Linear Regression - Implementing Feature Scaling


I was trying to implement Linear Regression in Octave 5.1.0 on a data set relating the GRE score to the probability of Admission. The data set is of the sort,

337 0.92
324 0.76
316 0.72
322 0.8
.
.
.

My main Program.m file looks like,

     % read the data

  data = load('Admission_Predict.txt');

  % initiate variables
  x = data(:,1);
  y = data(:,2);
  m = length(y);
  theta = zeros(2,1);
  alpha = 0.01;
  iters = 1500;
  J_hist = zeros(iters,1);

  % plot data
  subplot(1,2,1);
  plot(x,y,'rx','MarkerSize', 10);
  title('training data');

  % compute cost function
  x = [ones(m,1), (data(:,1) ./ 300)]; % feature scaling
  J = computeCost(x,y,theta);

  % run gradient descent
  [theta, J_hist] = gradientDescent(x,y,theta,alpha,iters);


  hold on;
  subplot(1,2,1); 
  plot((x(:,2) .* 300), (x*theta),'-');
  xlabel('GRE score');
  ylabel('Probability');
  hold off;

  subplot (1,2,2); 
  plot(1:iters, J_hist, '-b');
  xlabel('no: of iteration');
  ylabel('Cost function');

computeCost.m looks like,

 function J = computeCost(x,y,theta)
  m = length(y);
  h = x * theta;
  J = (1/(2*m))*sum((h-y) .^ 2);
endfunction

and gradientDescent.m looks like,

    function [theta, J_hist] = gradientDescent(x,y,theta,alpha,iters)
  m = length(y);
  J_hist = zeros(iters,1);

  for i=1:iters

    diff = (x*theta - y);
    theta = theta - (alpha * (1/(m))) * (x' * diff);
    J_hist(i) = computeCost(x,y,theta);

  endfor

endfunction

The graphs plotted then looks like this,

Graphs

which you can see, doesn't feel right even though my Cost function seems to be minimized.

Can someone please tell me if this is right?

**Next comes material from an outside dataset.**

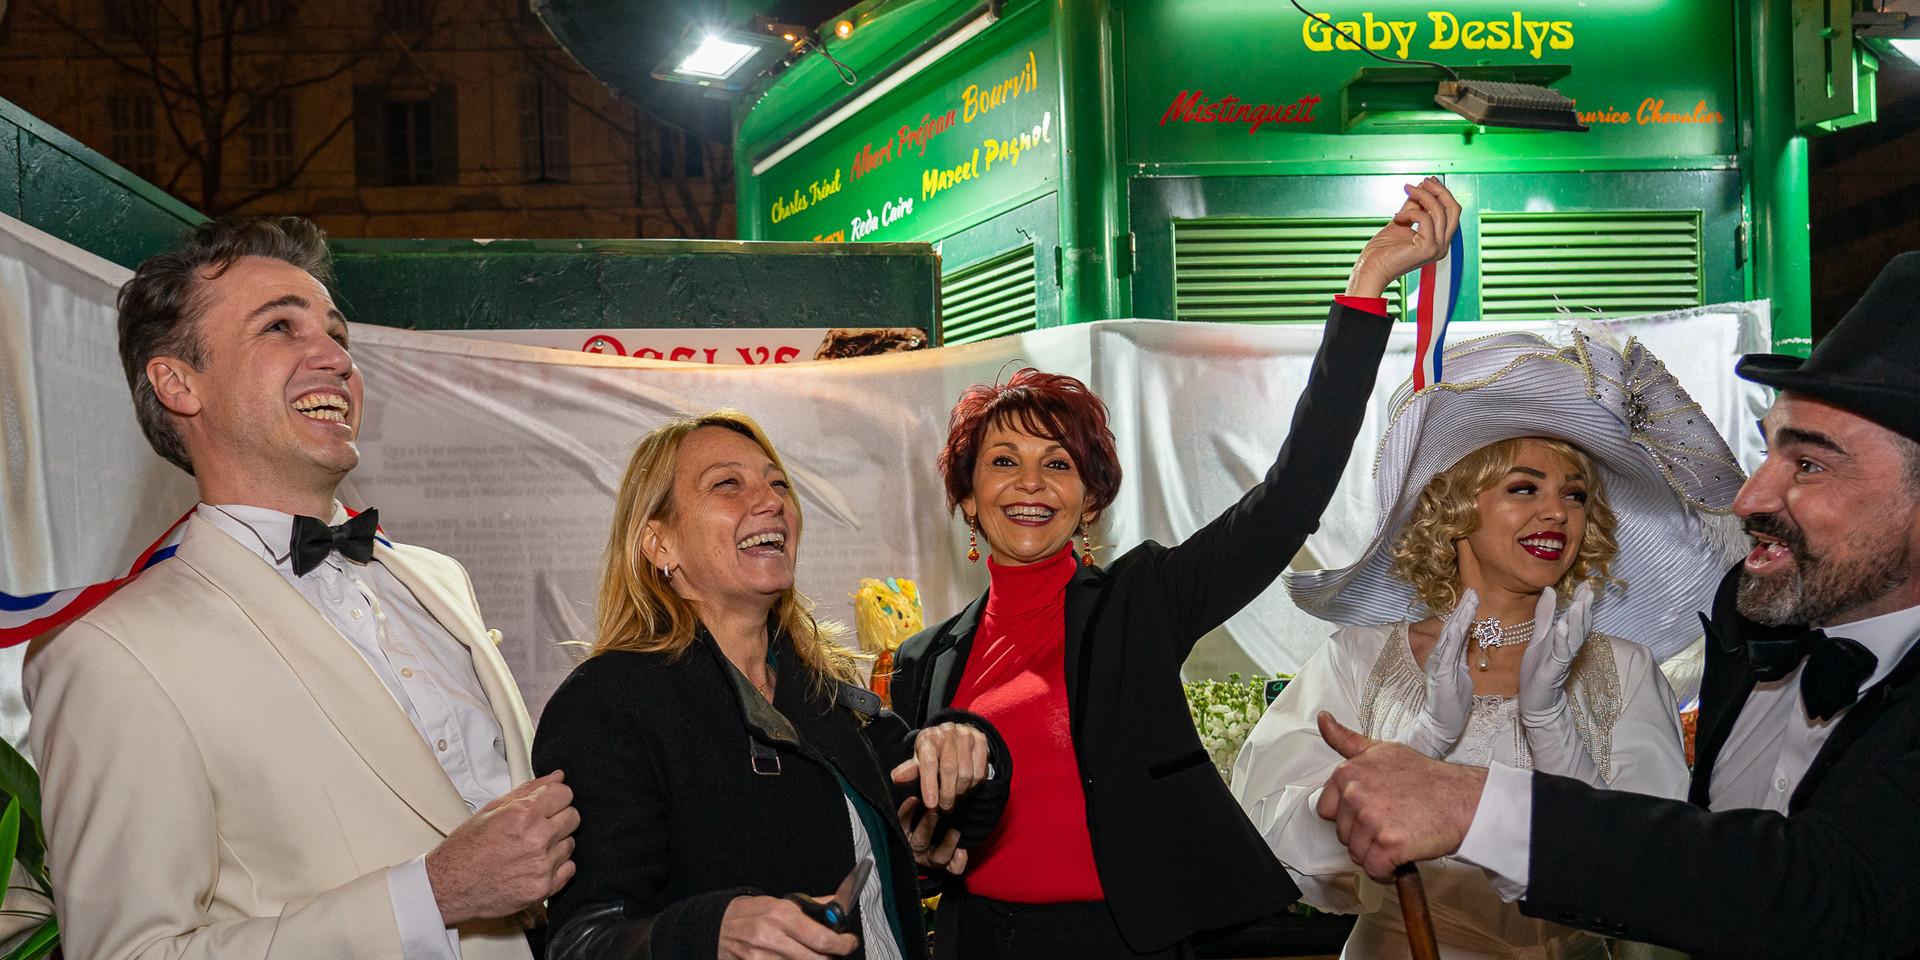 La Quique Gaby Deslys-03776.jpg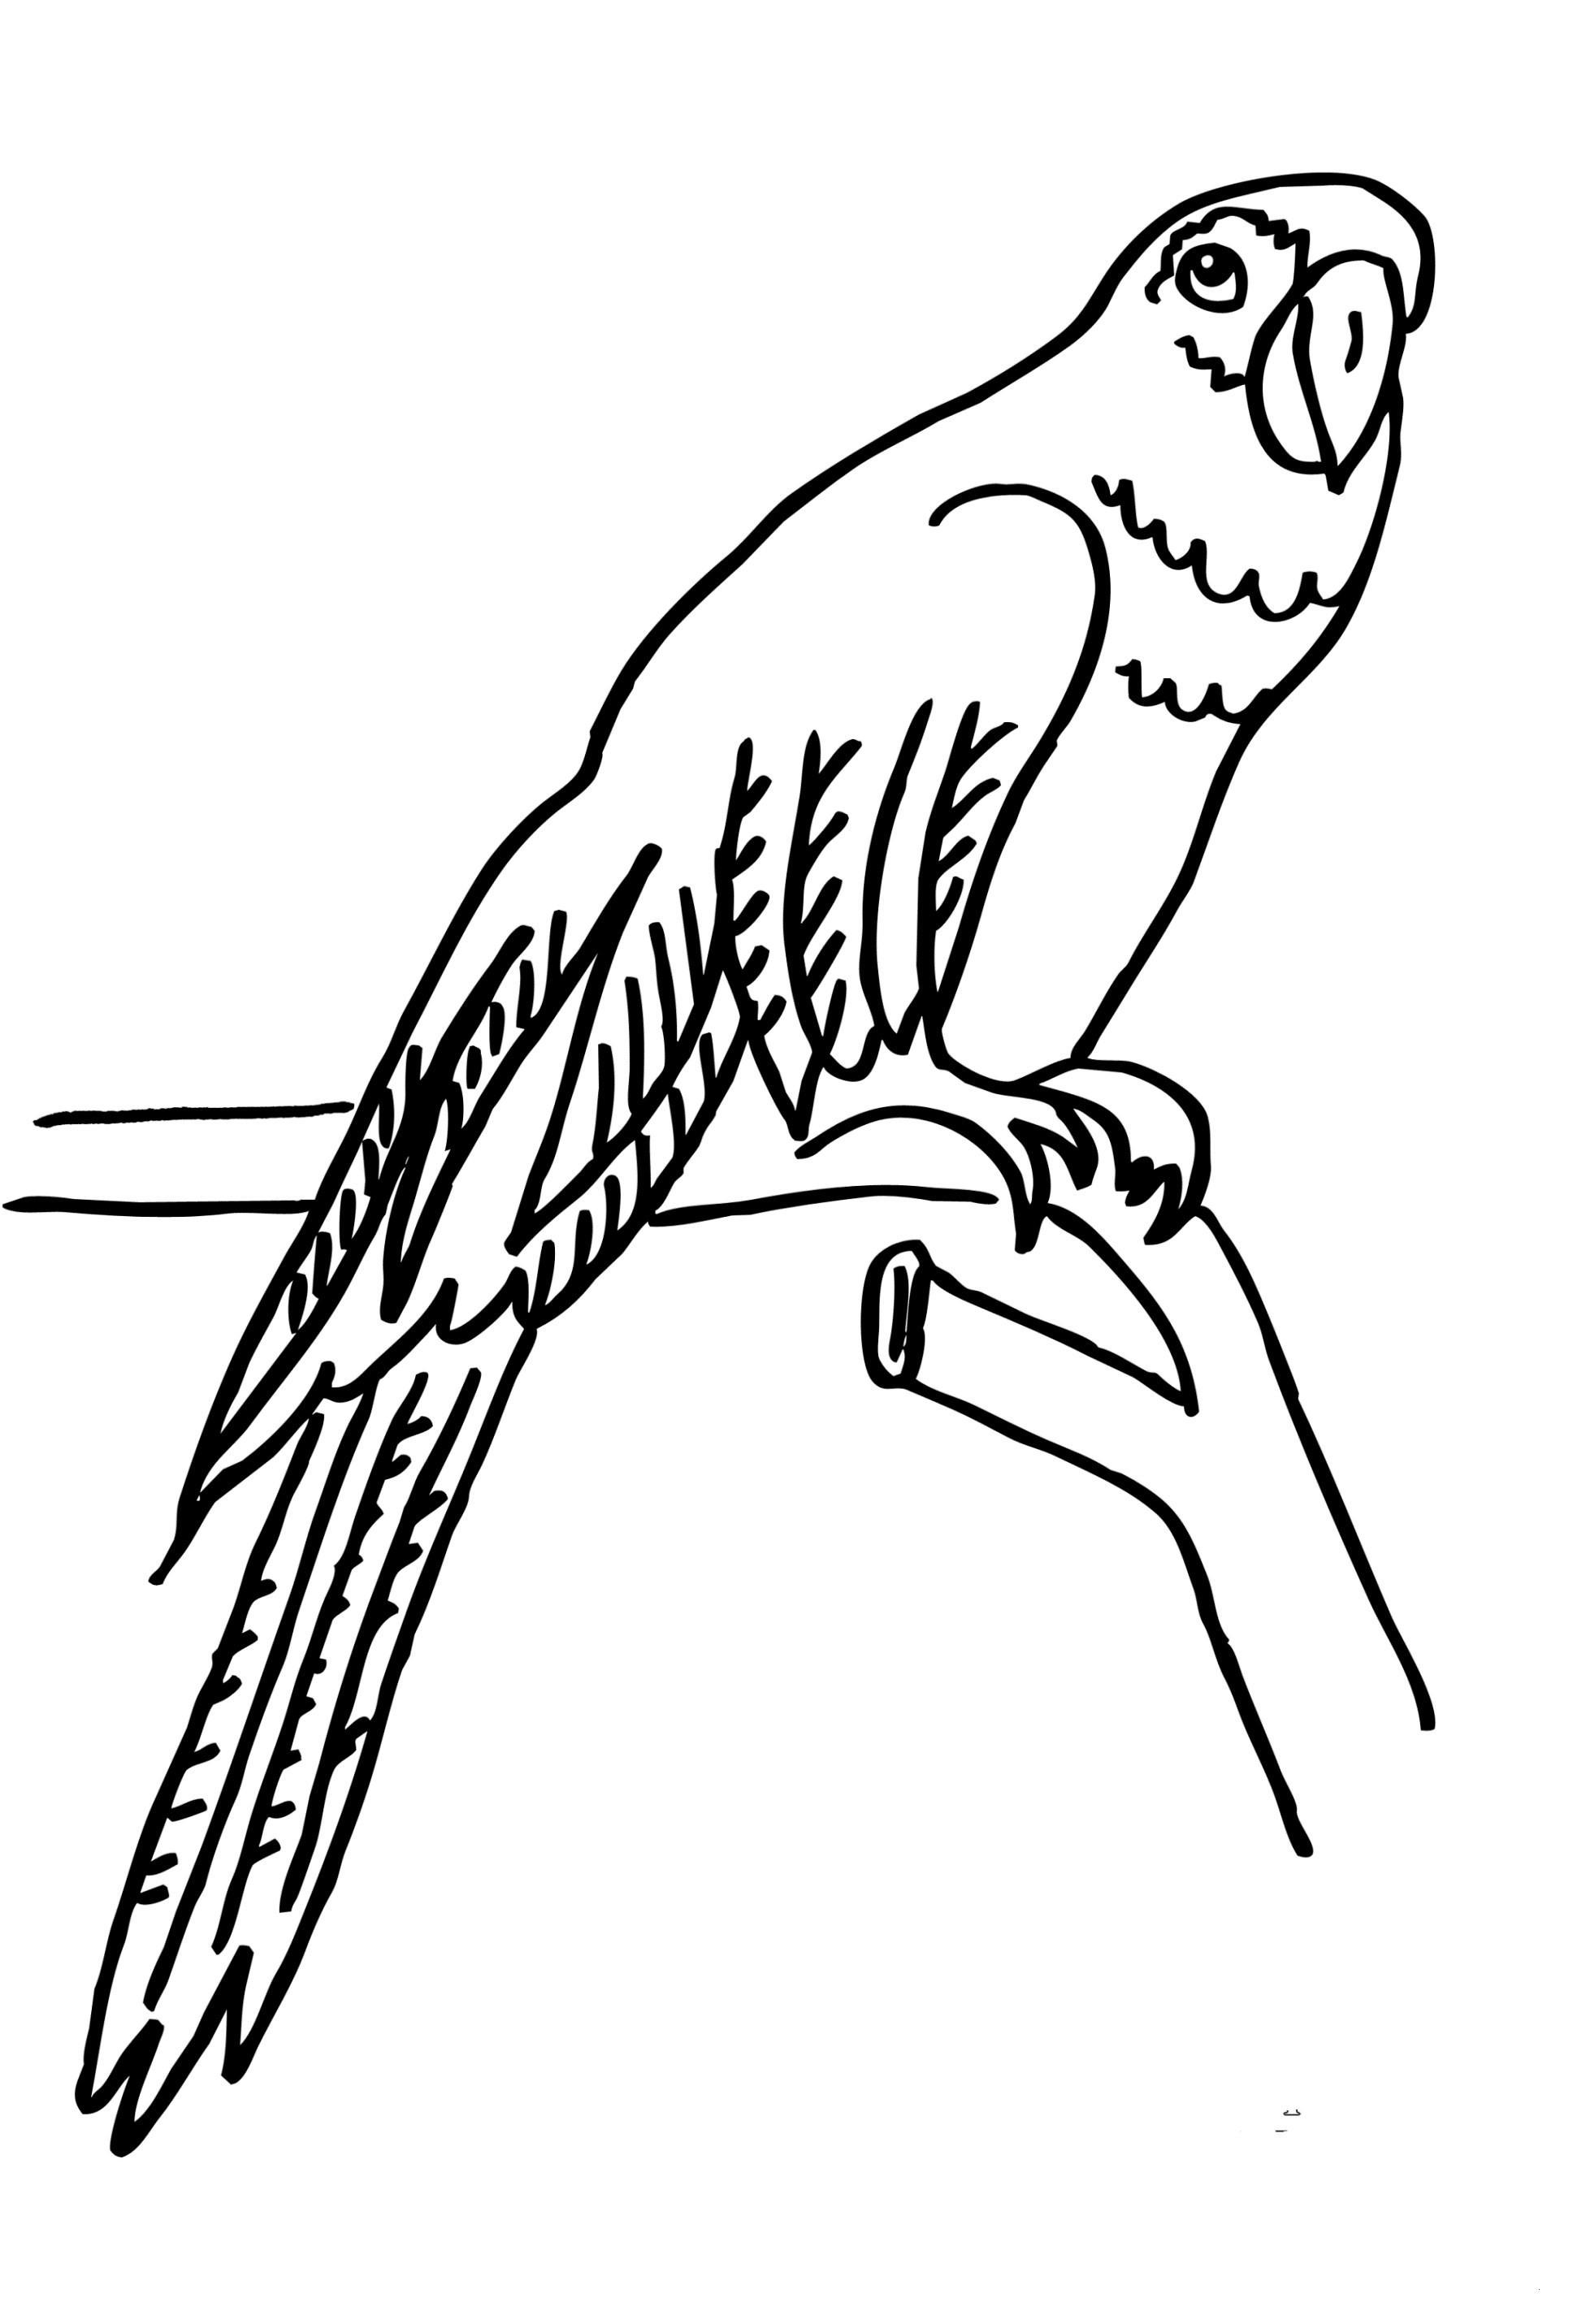 Papagei Zum Ausmalen Einzigartig 40 Schön Papagei Ausmalbilder – Große Coloring Page Sammlung Bilder

If not, what am I doing wrong?


Solution

  • The easiest way to check whether your implementation is correct is to compare with a validated implementation of linear regression. I suggest using an alternative implementation approach like the one suggested here, and then comparing your results. If the fits match, then this is the best linear fit to your data and if they don't match, then there may be something wrong in your implementation.